Material shown -
◇ ◇ ◇

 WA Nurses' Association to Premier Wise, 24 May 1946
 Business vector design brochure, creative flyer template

◇ ◇ ◇

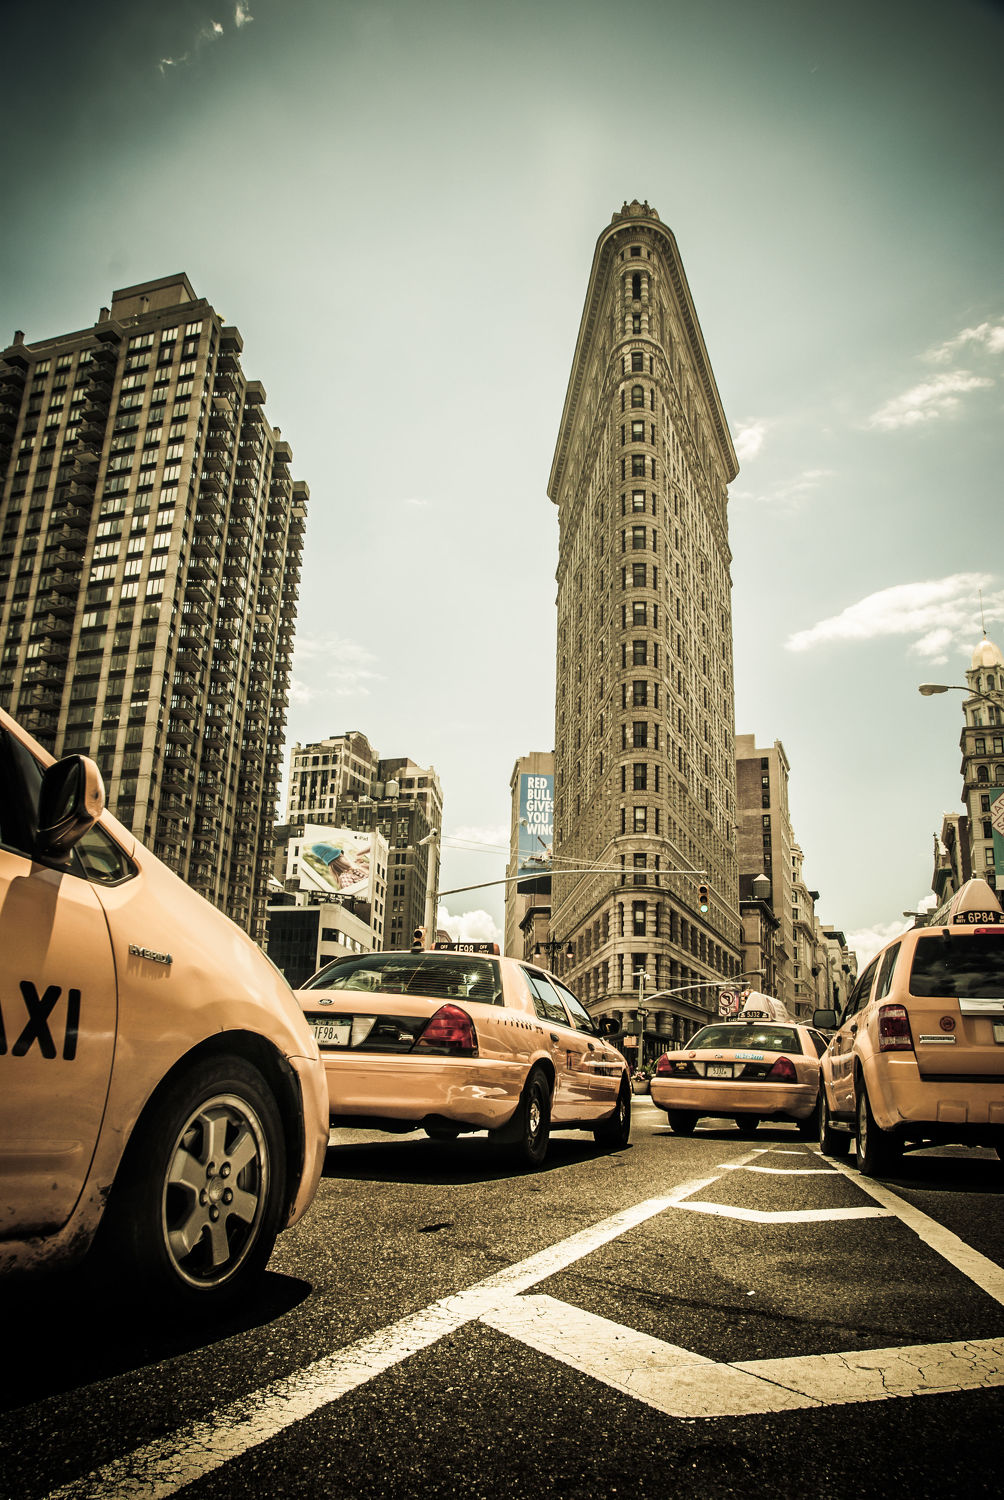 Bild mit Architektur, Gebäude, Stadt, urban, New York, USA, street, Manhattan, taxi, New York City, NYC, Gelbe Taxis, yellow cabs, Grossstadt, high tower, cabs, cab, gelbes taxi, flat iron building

◇ ◇ ◇

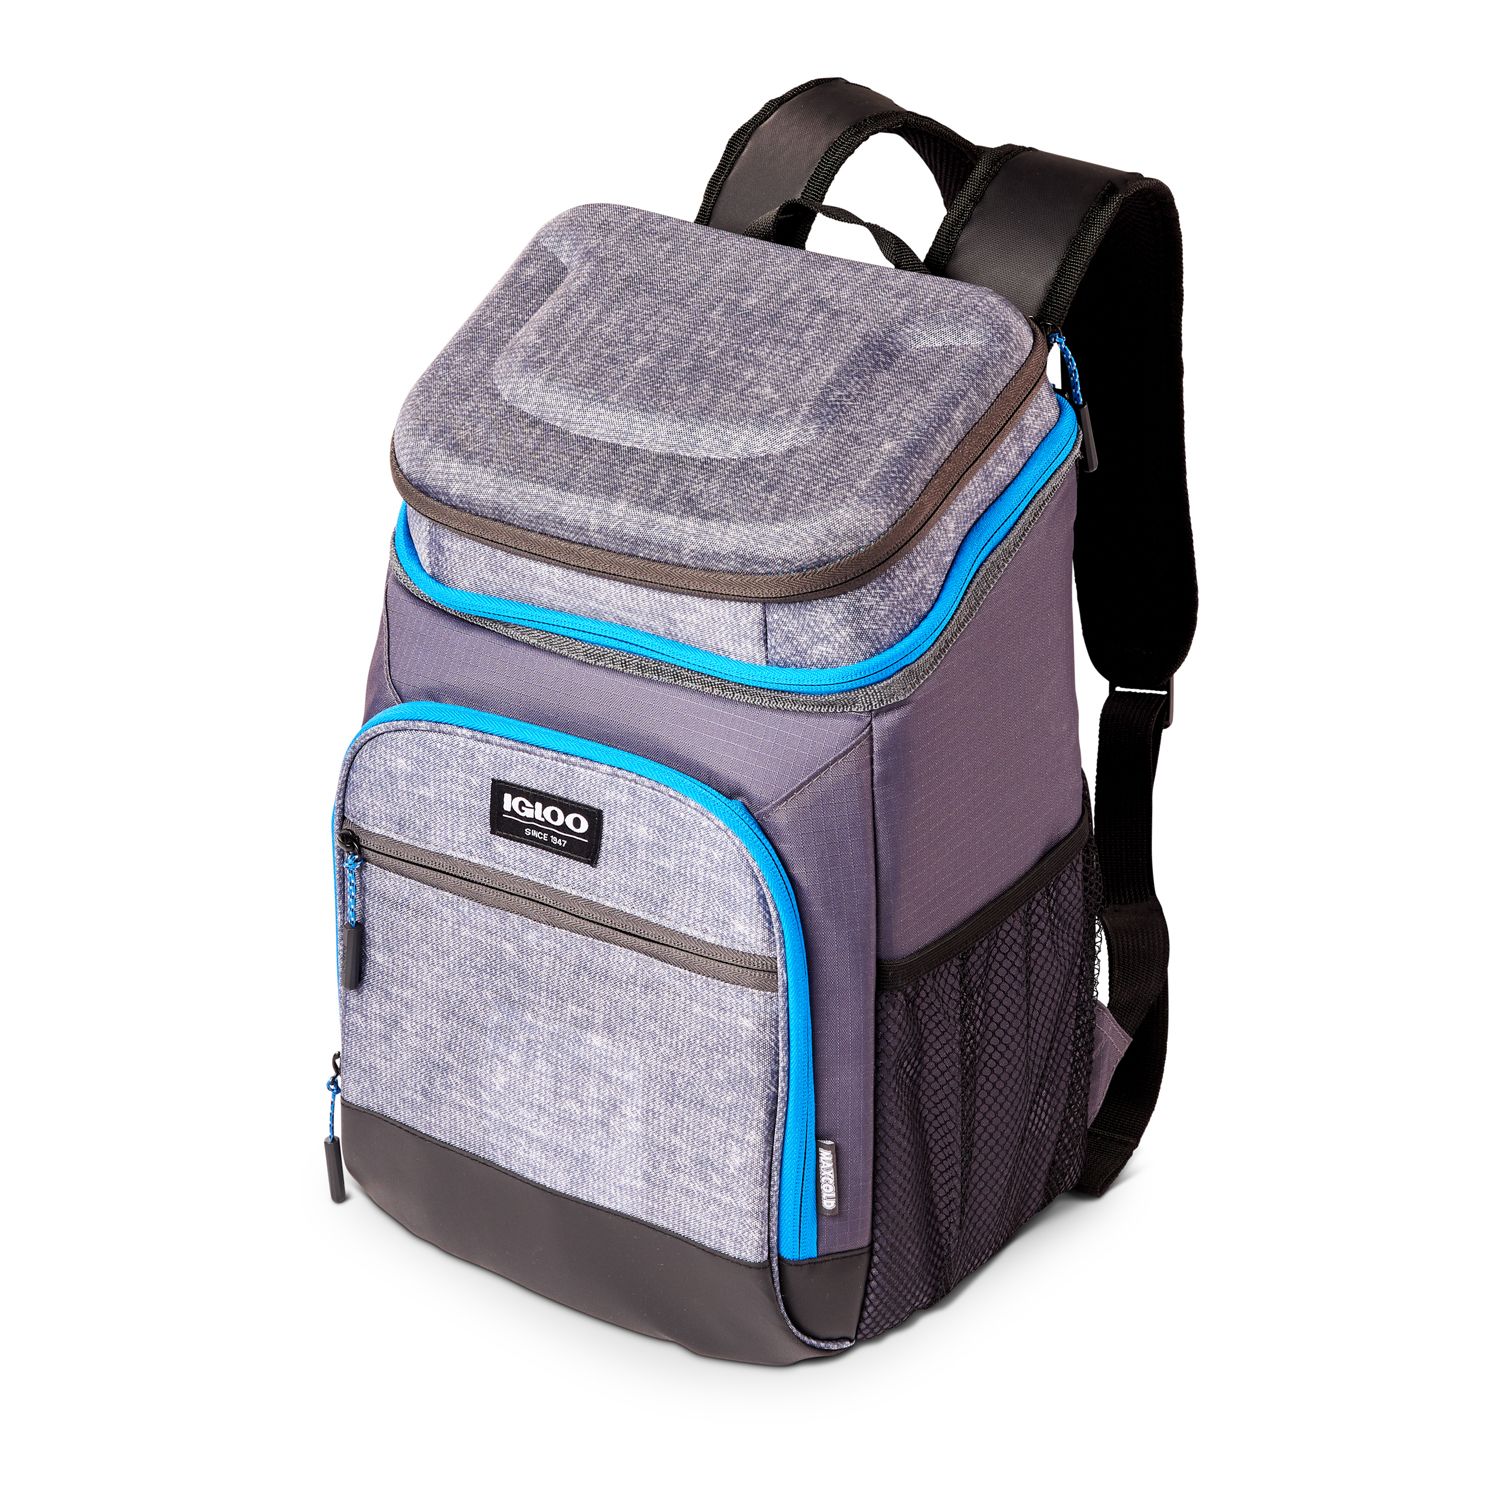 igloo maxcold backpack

◇ ◇ ◇

Exercise directions - A verbatim transcription is needed of the lines above, starting at the line with "WA Nurses' Association" and ending at the line with "Business vector design", both included, and of nothing else.

Solved problem -
 WA Nurses' Association to Premier Wise, 24 May 1946
 Business vector design brochure, creative flyer template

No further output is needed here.